* **Your goal**: Below are records with pictures; copy word for word only the lines between the line with "Harper Lee: You" and the line with "Brazil sets record", inclusive, and drop the pictures.

* **Listed records**:
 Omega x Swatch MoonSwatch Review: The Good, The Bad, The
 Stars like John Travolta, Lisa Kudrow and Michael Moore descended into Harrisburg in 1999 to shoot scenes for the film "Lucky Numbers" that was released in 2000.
==
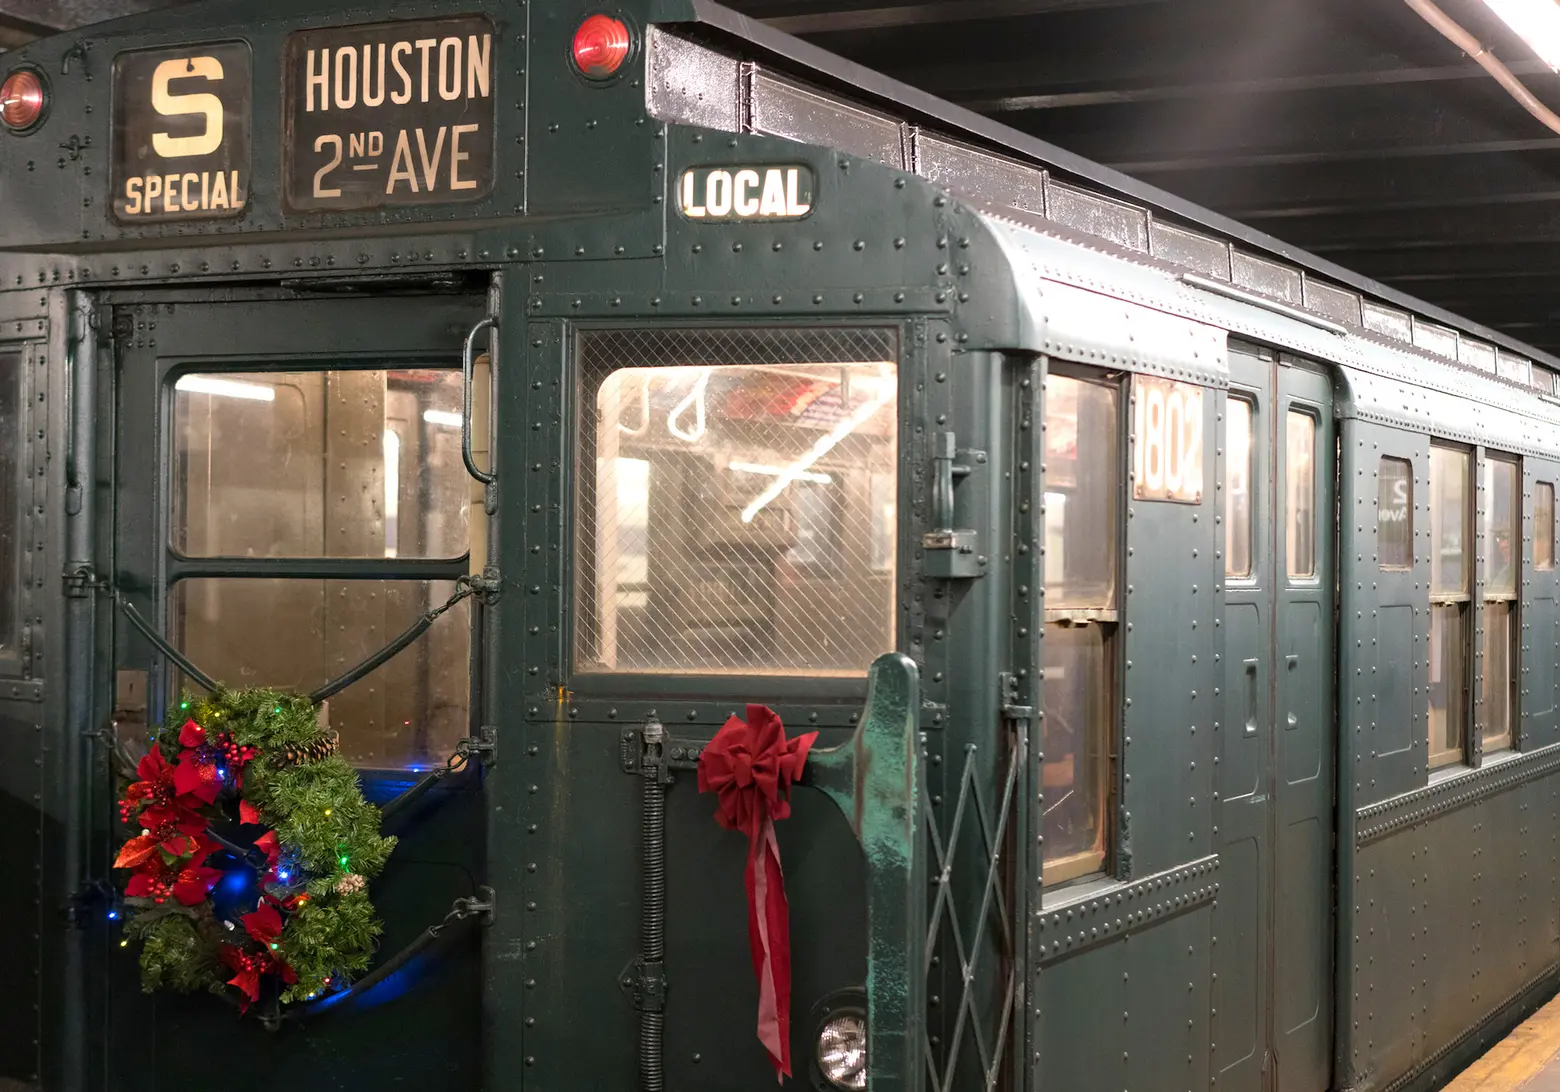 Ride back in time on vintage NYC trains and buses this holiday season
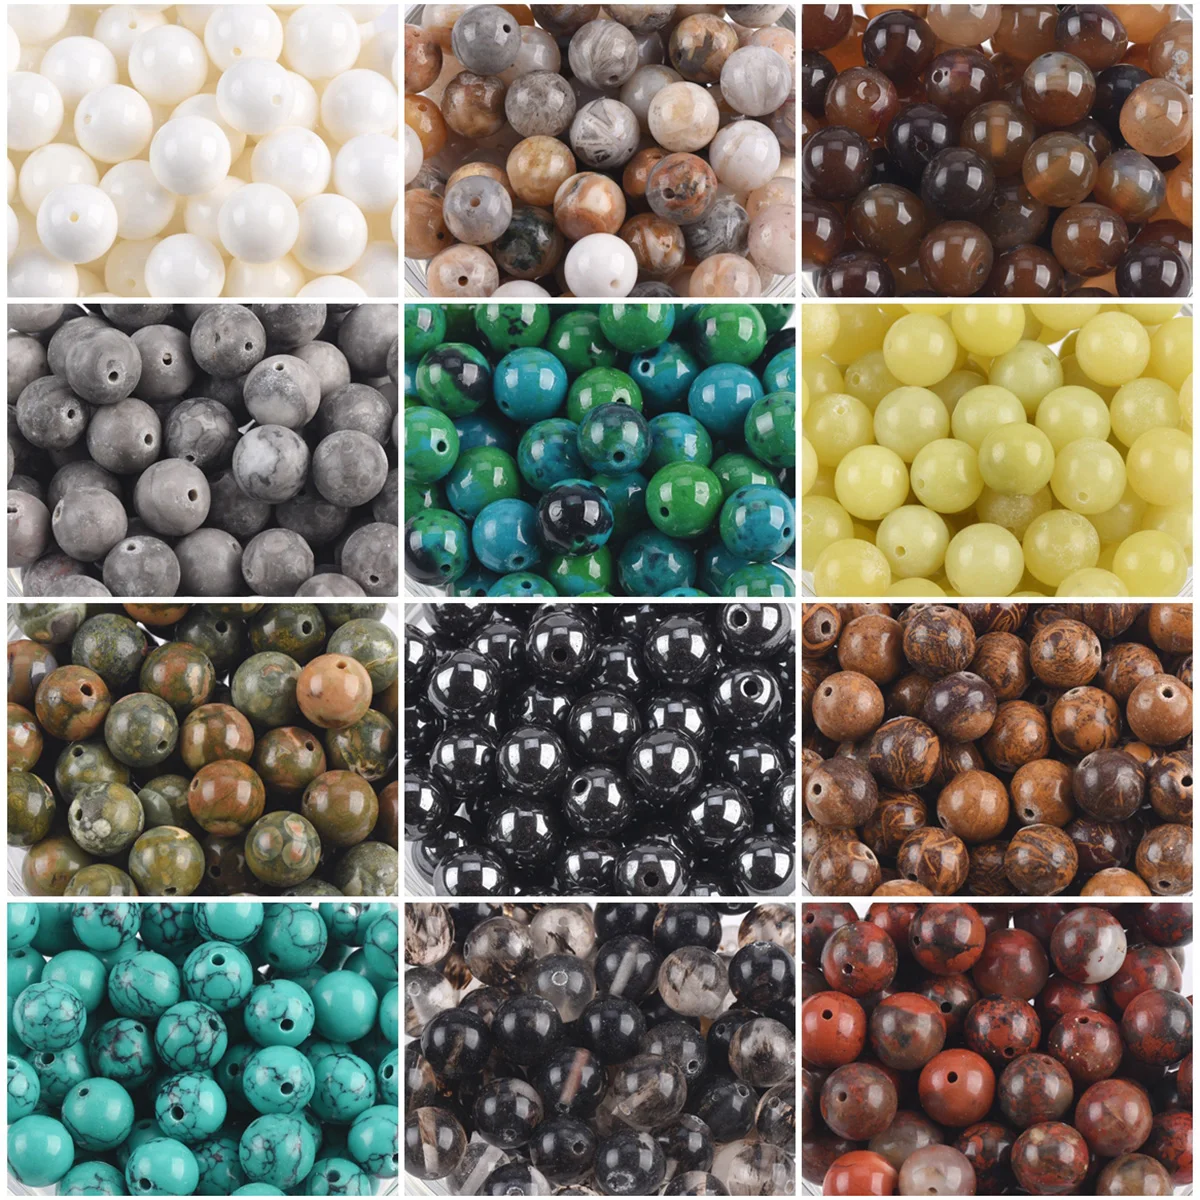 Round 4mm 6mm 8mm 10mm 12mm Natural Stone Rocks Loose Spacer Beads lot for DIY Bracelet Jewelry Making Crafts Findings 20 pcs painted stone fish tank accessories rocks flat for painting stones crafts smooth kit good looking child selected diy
* * *
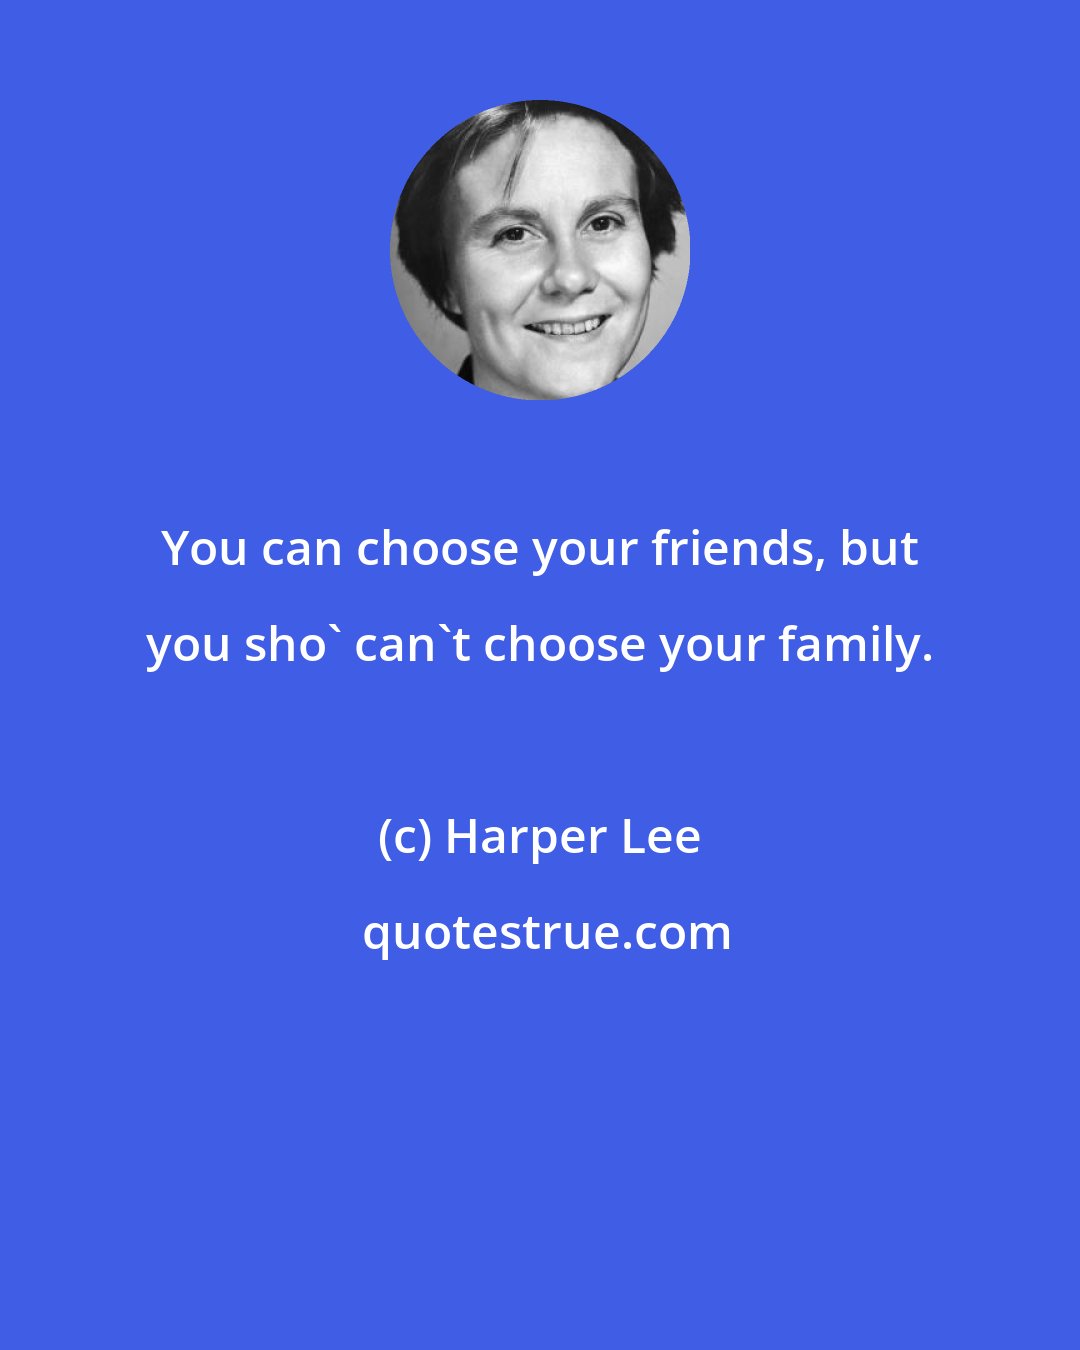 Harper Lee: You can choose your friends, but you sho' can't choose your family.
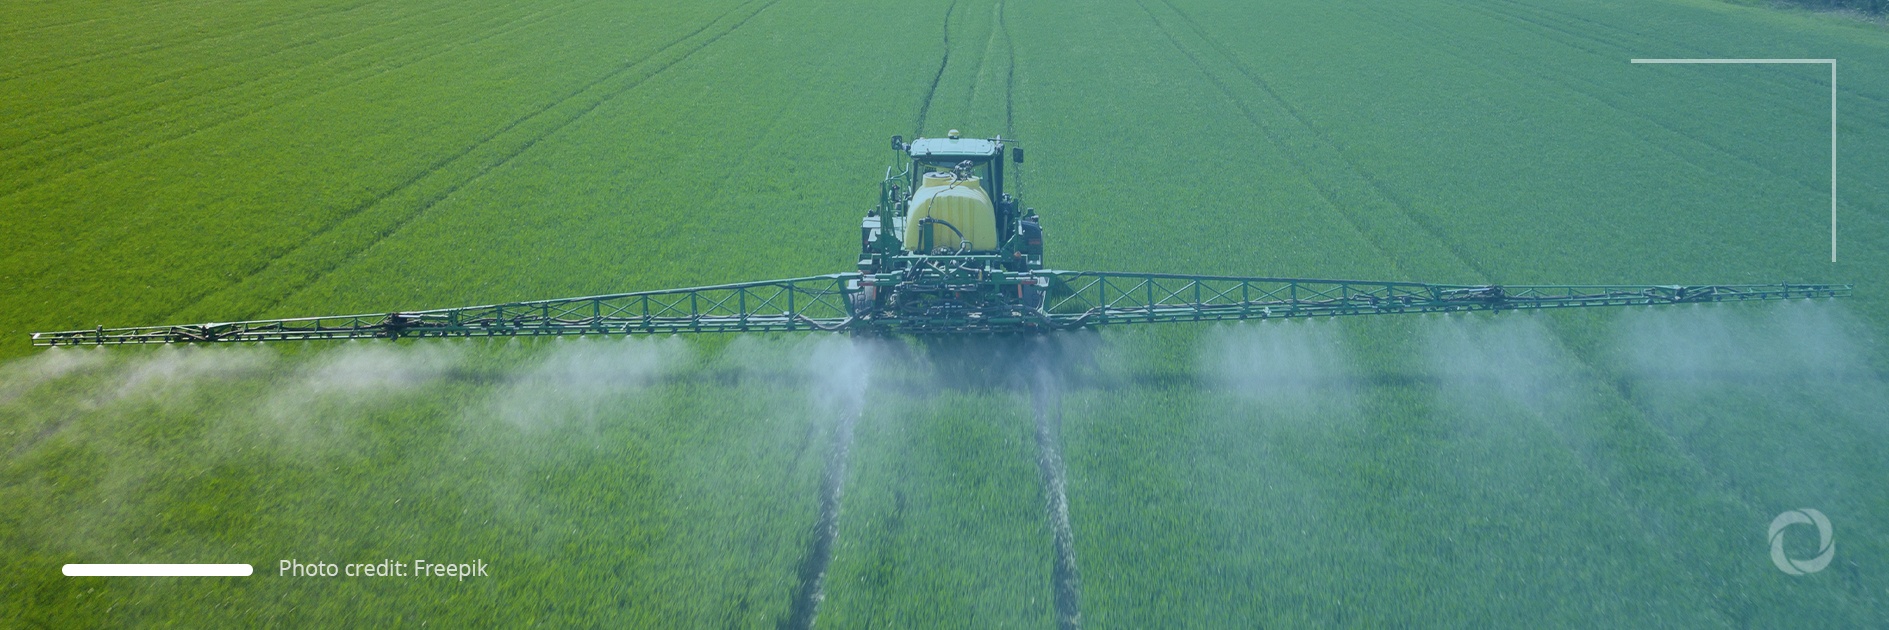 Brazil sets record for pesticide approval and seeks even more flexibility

* **Exercise response**:
 Harper Lee: You can choose your friends, but you sho' can't choose your family.
 Brazil sets record for pesticide approval and seeks even more flexibility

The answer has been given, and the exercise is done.